As noted in the callout box above, the is.na() function can be used to ask the question of whether a value is missing or not (!is.na()).

For example, the following would return the rows where main_religion is not missing.

gapminder1960to2010 %>% 
  filter(!is.na(main_religion))

Exercise

  • How many observations contain values for both life_expectancy and children_per_woman?

Answer

gapminder1960to2010 %>% 
  filter(!is.na(life_expectancy) & !is.na(children_per_woman)) %>% 
  # (optional) pipe the output to nrow() to get the number of rows directly
  nrow()
[1] 9384

Using conditionals with ifelse

Conditions are not just useful for filtering rows, but also to modify variables or highlight certain observations in the data.

For example, take the following graph showing the change in income per person:

gapminder1960to2010 %>% 
  ggplot(aes(x = year, y = income_per_person)) +
  geom_line(aes(group = country))

plot of chunk unnamed-chunk-23

We can highlight one of the countries by creating a new column (mutate()) that stores the result of a condition:

gapminder1960to2010 %>% 
  # the "is_qatar" column will contain TRUE/FALSE values
  mutate(is_qatar = country == "Qatar") %>% 
  ggplot(aes(x = year, y = income_per_person)) +
  geom_line(aes(group = country, colour = is_qatar))

plot of chunk unnamed-chunk-24

In this case, we used the logical output of that condition as the variable to colour our lines with.

However, sometimes we want more flexibility in defining outcomes from a condition, which is where the ifelse() is handy. This function takes 3 arguments: the condition we want to test, the values it should take if it’s TRUE, and the values it should take if it’s FALSE.

For example, let’s highlight two countries in the graph and label all the remaining countries as “Others” by using ifelse():

gapminder1960to2010 %>% 
  mutate(income_total = population*income_per_person,
         country_highlight = ifelse(country %in% c("China", "United States"), country, "Others")) %>% 
  ggplot(aes(year, income_total)) +
  geom_line(aes(group = country, colour = country_highlight))

plot of chunk unnamed-chunk-25

This is what ifelse() did for us: if the value of country is either “China” or “United States” then return their respective value, otherwise return the string “Others”.

ifelse() works in a vectorised manner, meaning that it evaluates the condition at each value and returns the respective result we ask for.

Exercise

Earlier we saw that life_expectancy_male has some values encoded as “-999”:

summary(gapminder1960to2010$life_expectancy_male)
   Min. 1st Qu.  Median    Mean 3rd Qu.    Max. 
-999.00   50.03   61.73   10.64   68.15   80.08 

Try to fix this issue by using ifelse() inside a mutate(), replacing the values of life_expectancy_male with NA if they are equal to “-999” and keeping the original value otherwise.

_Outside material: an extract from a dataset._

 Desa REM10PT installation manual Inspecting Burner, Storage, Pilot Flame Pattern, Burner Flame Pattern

Save the result by updating gapminder1960to2010 and check that the issue is solved by using the summary() function like above.

Answer

# create new data.frame with missing values for life_expectancy_male
gapminder1960to2010 <- gapminder1960to2010 %>% 
  mutate(life_expectancy_male = ifelse(life_expectancy_male == -999, NA, life_expectancy_male))

# check the result
summary(gapminder1960to2010$life_expectancy_male)
   Min. 1st Qu.  Median    Mean 3rd Qu.    Max.    NA's 
  16.29   51.80   62.56   60.02   68.41   80.08     459 

This is what ifelse() did for us: if the value of life_expectancy_male is equal to -999 then return the value NA, otherwise return the respective value of life_expectancy_male.

Key Points

  • Order rows in a table using arrange(). Use the desc() function to sort in descending order.

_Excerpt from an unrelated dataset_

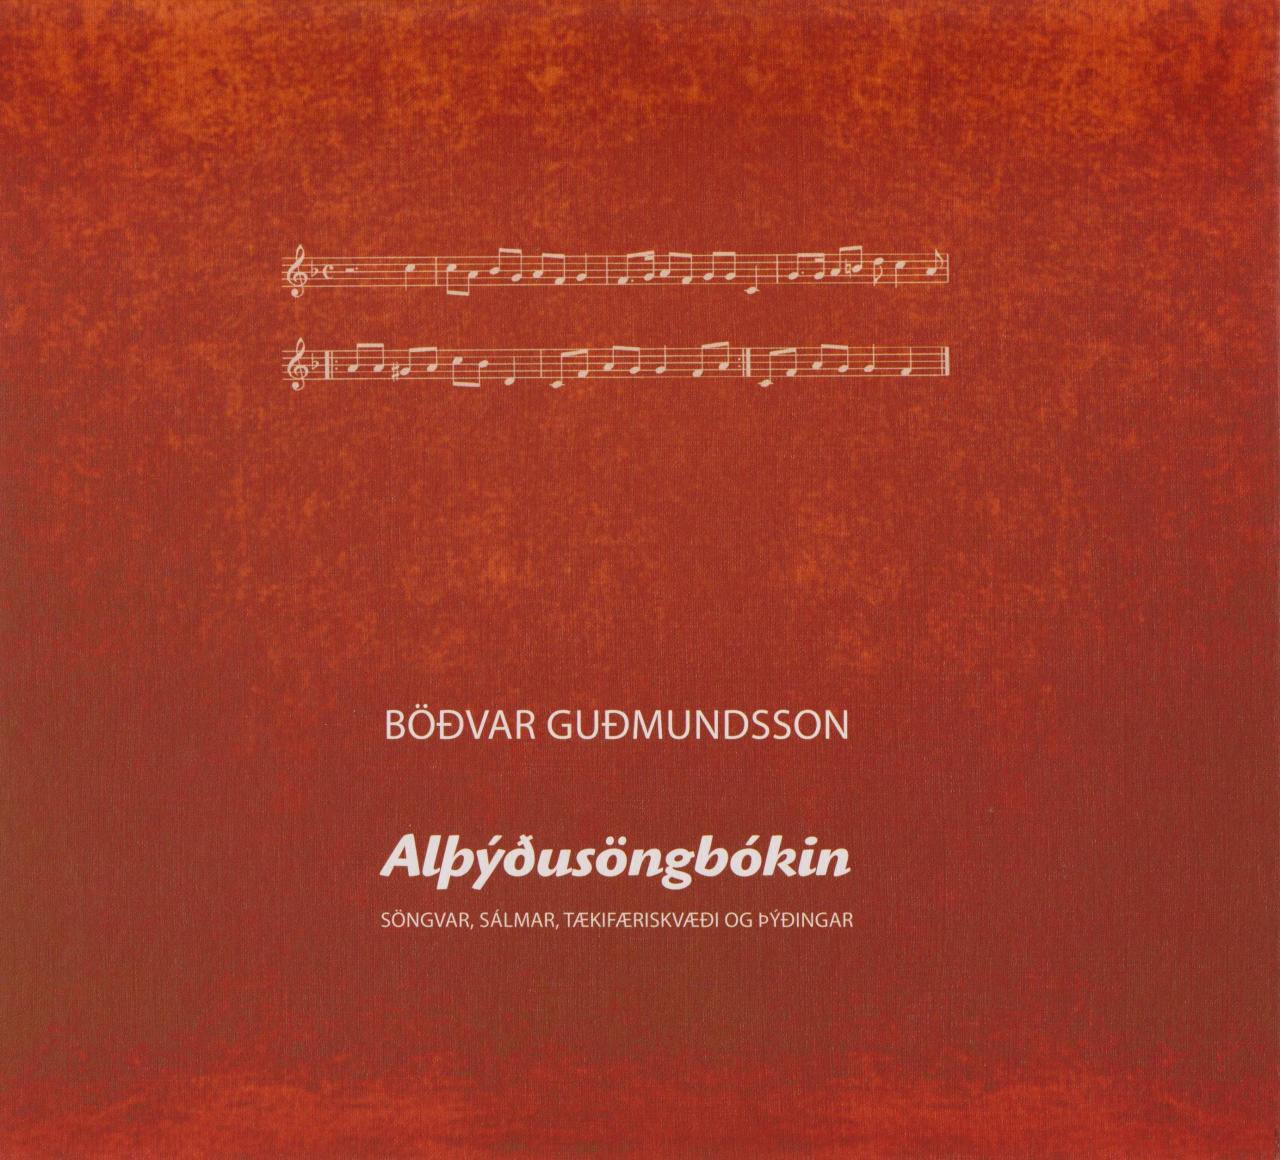 Alþýðusöngbókin (Songs For the People)

  • Retain unique rows in a table using distinct().

  • Choose rows based on conditions using filter().

  • Conditions can be set using several operators: >, >=, <, <=, ==, !=, %in%.

  • Conditions can be combined using & and |.

  • The function is.na() can be used to identify missing values. It can be negated as !is.na() to find non-missing values.

  • Use the ifelse() function to define two different outcomes of a condition.